I don't have difficulties finding people to ERP with. My advice is uh...look for horny people.


----------



## Magic (Mar 31, 2019)

Sounds like that game "Second life" is something you would be into it? Check that out.  @StarlightAshley  You can live out whatever fantasy in that "game."

I've never used it, so I can't offer advice on how to go about it, sorry.


----------



## Torpedo Titz (Apr 6, 2019)

I usually ERP and then ghost at least one person every few days

You just cast your net and reel them in


----------



## Lord Tentei (Apr 7, 2019)

I've never actually done it alot. But, I know a girl I roleplayed with who I been roleplaying with for awhile (who found me attractive as it is) smutted with me in character cause well..it was going somewhere..and it ended up arousing her so much she got very personal with me on facebook and through other means.

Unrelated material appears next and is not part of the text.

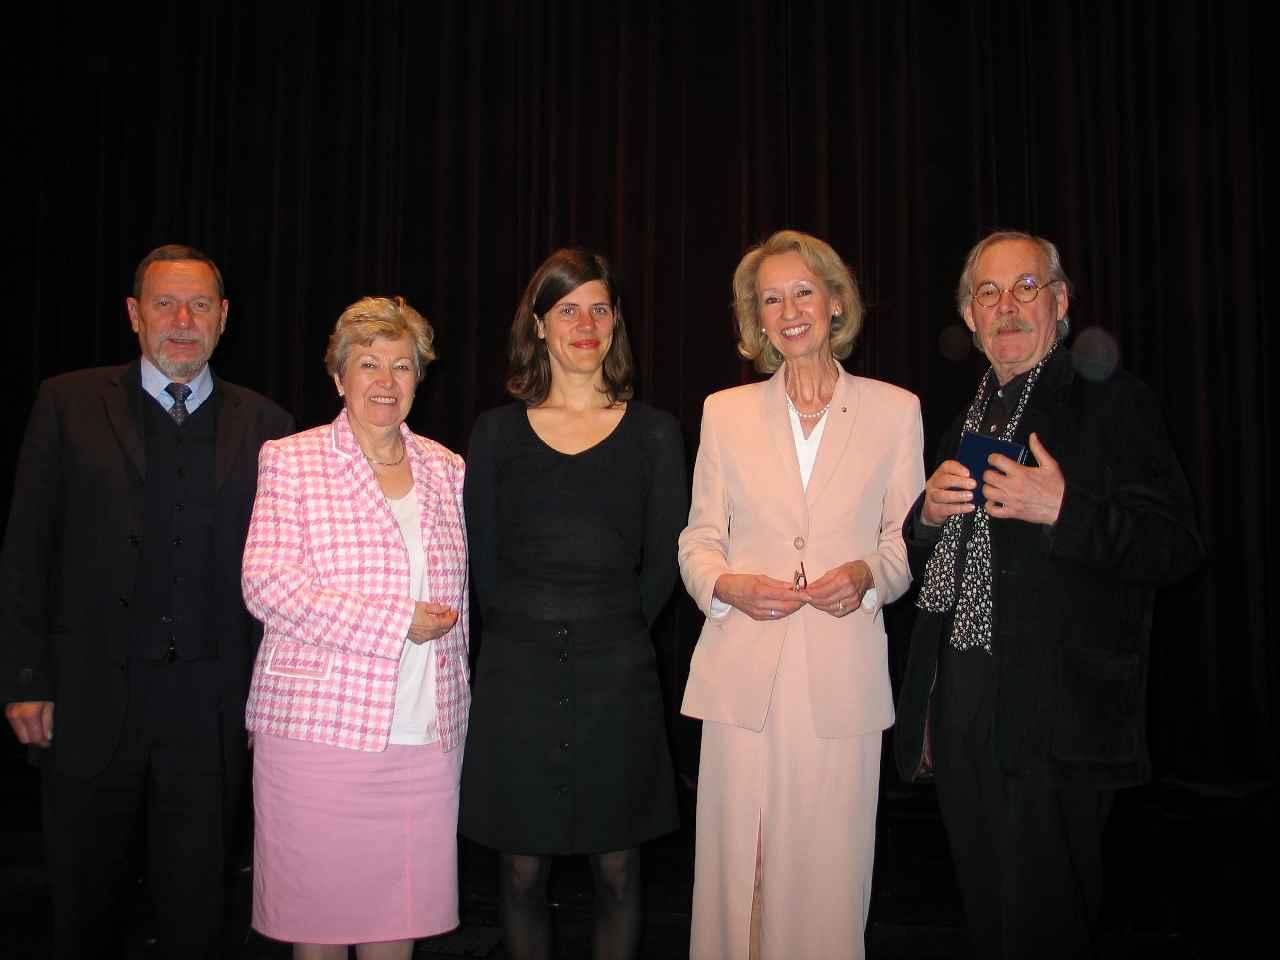 Gruppenbild von der Preisverleihung 2005

So, moral of the story. Let it organically happen I guess. Or find a place that does that sorta thing. It kinda weirds me out that strangers do that shit randomally. Atleast when I broke my taboo, it had story reason and it was with someone I KNOW who is actually female, what she looks like and we are friends. So, it wasn't weird to me. Plus, yes I would bone.


----------



## Trinity B (Jul 24, 2019)

It really depends. I don't do erotic roleplay in particular but I like to RP. Depending on the characters I have gotten into some heavy erotic roleplay. Sometimes they had to be converted to PMs from threads because it was very graphic lol But for me it was just for fun and for character development. I love it and it is fun but I don't seek to roleplay erotically even though I don't think I would mind it. I just love to keep an open mind while roleplaying in general and sometimes that leads to certain things and it makes RP in general more fun.


----------



## Autumn McJavabean (Aug 6, 2019)

StarlightAshley said:


> I'm asking if this is just a me problem or a problem everyone experinces.
> 
> I try to roleplay with strangers but they just ignore me.
> 
> I've tried all sorts of approaches. Saying Hi first, Saying Hi and my idea of what to role play, starting the conversation with a Starter rp. No one responds to me. What should I do? I just want to make friends!!


Well, I'm here fi you would like to try.


----------



## Gerjaffers786 (Aug 16, 2019)

I hate Omegle


----------



## Sora Hyuga (Apr 14, 2020)

I would just create a discord server and invite people from __________ servers or _____ people


----------